Only in chapter 5 does McRae write in terms of “religious violence,” understanding it as emergent in the conflict’s unfolding dynamics rather than somehow given beforehand. The arrival on the scene of mujahidin or members of Indonesia’s jihadist networks during the conflict’s third phase abetted the emergence of a new form of violence in which the religious identities of participants came to define a long phase of two-sided violence. Besides aiding fellow Muslims, a crucial motivation for mujahidin was an explicitly religious agenda according to which local Muslim youth received both military-style training and religious instruction. A last phase
of diminishing violence corresponded to the establishment of Muslim military dominance and the belated if critical intervention of the Indonesian state in the form of the Malino peace agreement. The very fact of this agreement and the ensuing improved security meant that violence increasingly took place as occasional unilateral attacks carried out by mujahidin groups and their main backers, a de-escalation that went along with a “narrowing” of the forms of violence (157). Over time the conflict’s division of labour was such that only a small core of Muslim combatants remained responsible for sporadic violent attacks that continued until 2007.

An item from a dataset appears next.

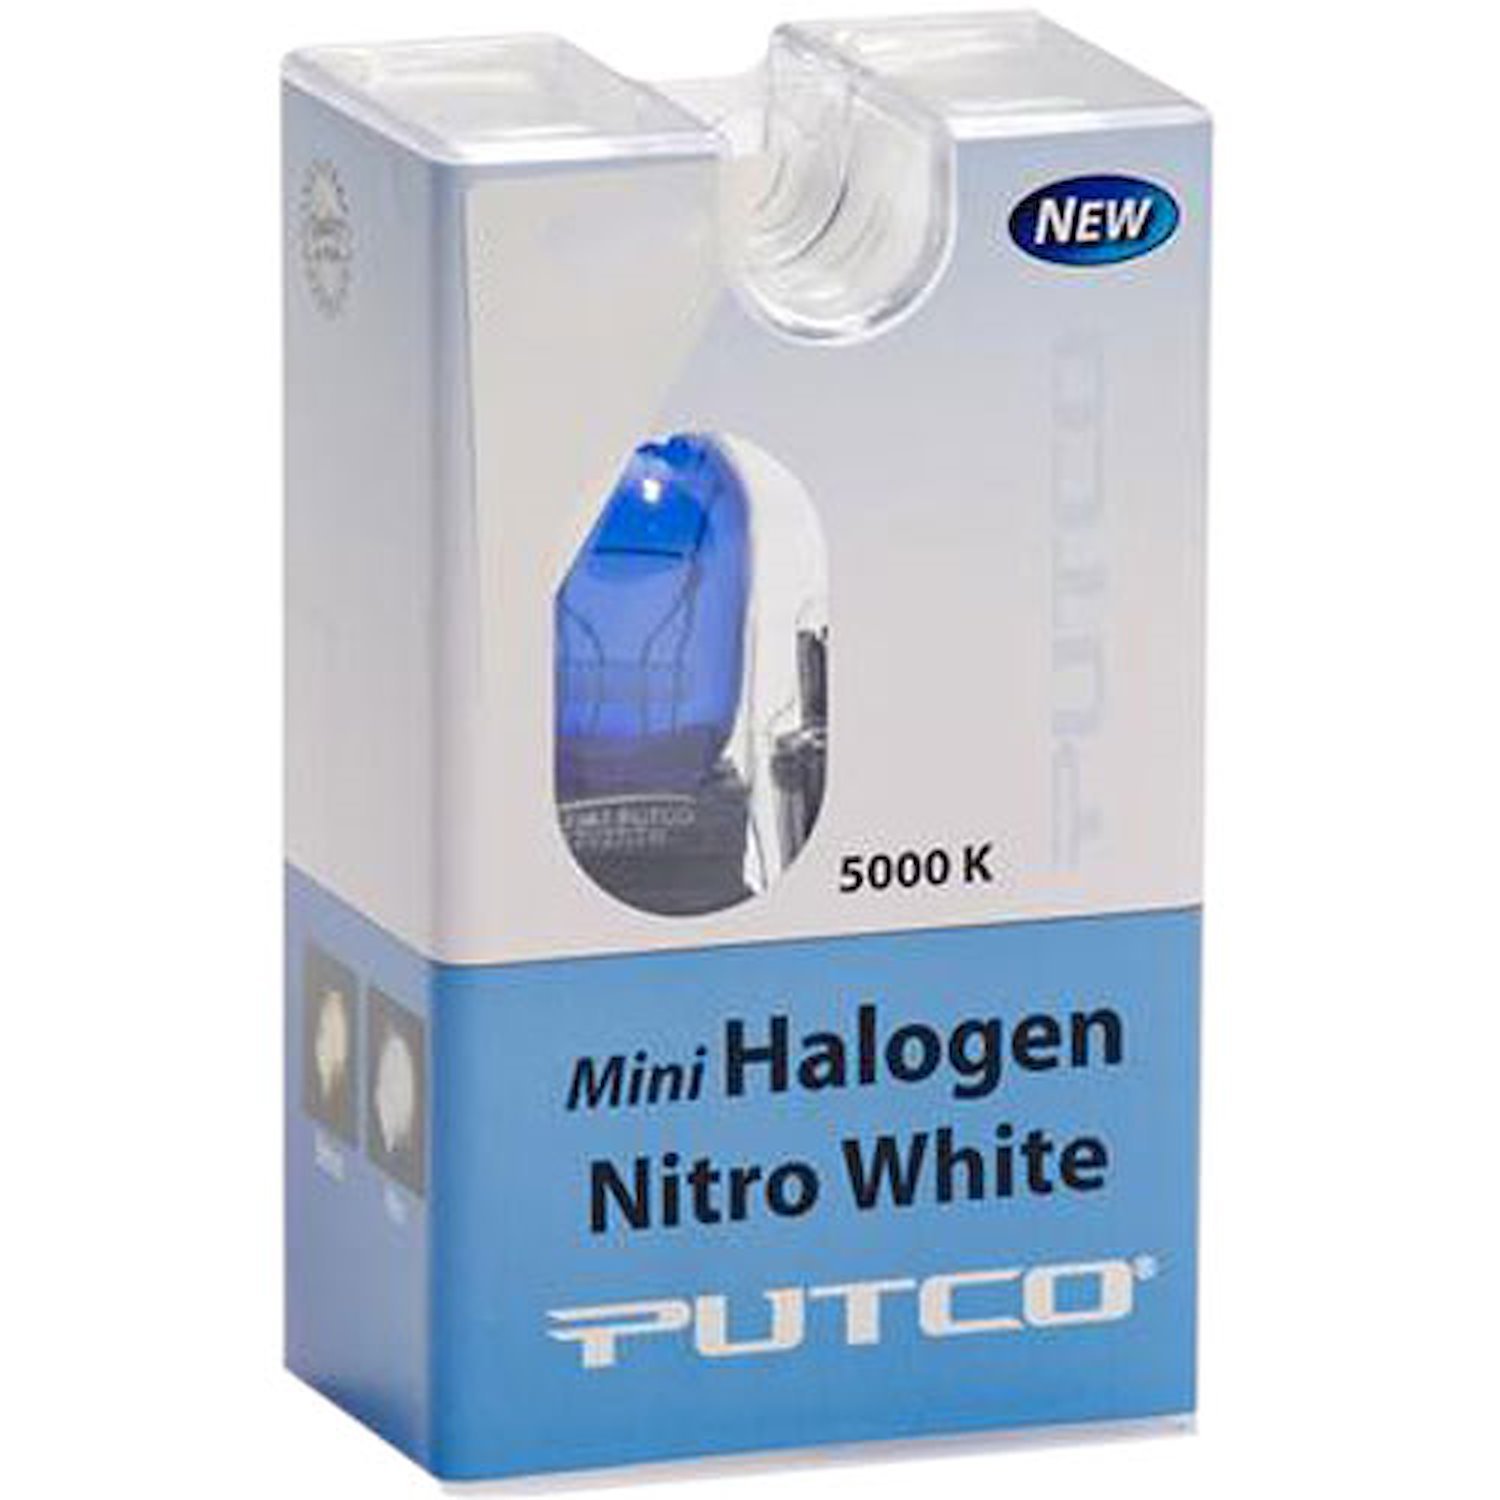 1156 Mini Halogen Bulbs Nitro White

The book’s final chapter addresses the significant negative role of the Indonesian state in Poso’s protracted violence. Important throughout was the state’s repeated deferral of intervention into the conflict and the demonstrated importance of such intervention when it did occasionally occur. Once again, a crucial factor here was human agency or the misrecognition on the part of state authorities of their own capacity to quell the violence. Not only did the central government’s will to intervene fluctuate but, following an especially subtle argument, such fluctuation depended on an assessment of relative crisis: once “an invisible psychological line was crossed,” (160) the state would turn to harsh intervention; inversely, when the sense of crisis passed the state withheld significant pressure.
In sum, A Few Poorly Organized Men is a thoughtful contribution to the study of communal violence generally and to that of Poso and Post-Suharto Indonesia specifically. If I have one minor complaint it is that the detail of description threatens at times to overwhelm the book’s otherwise significant contributions.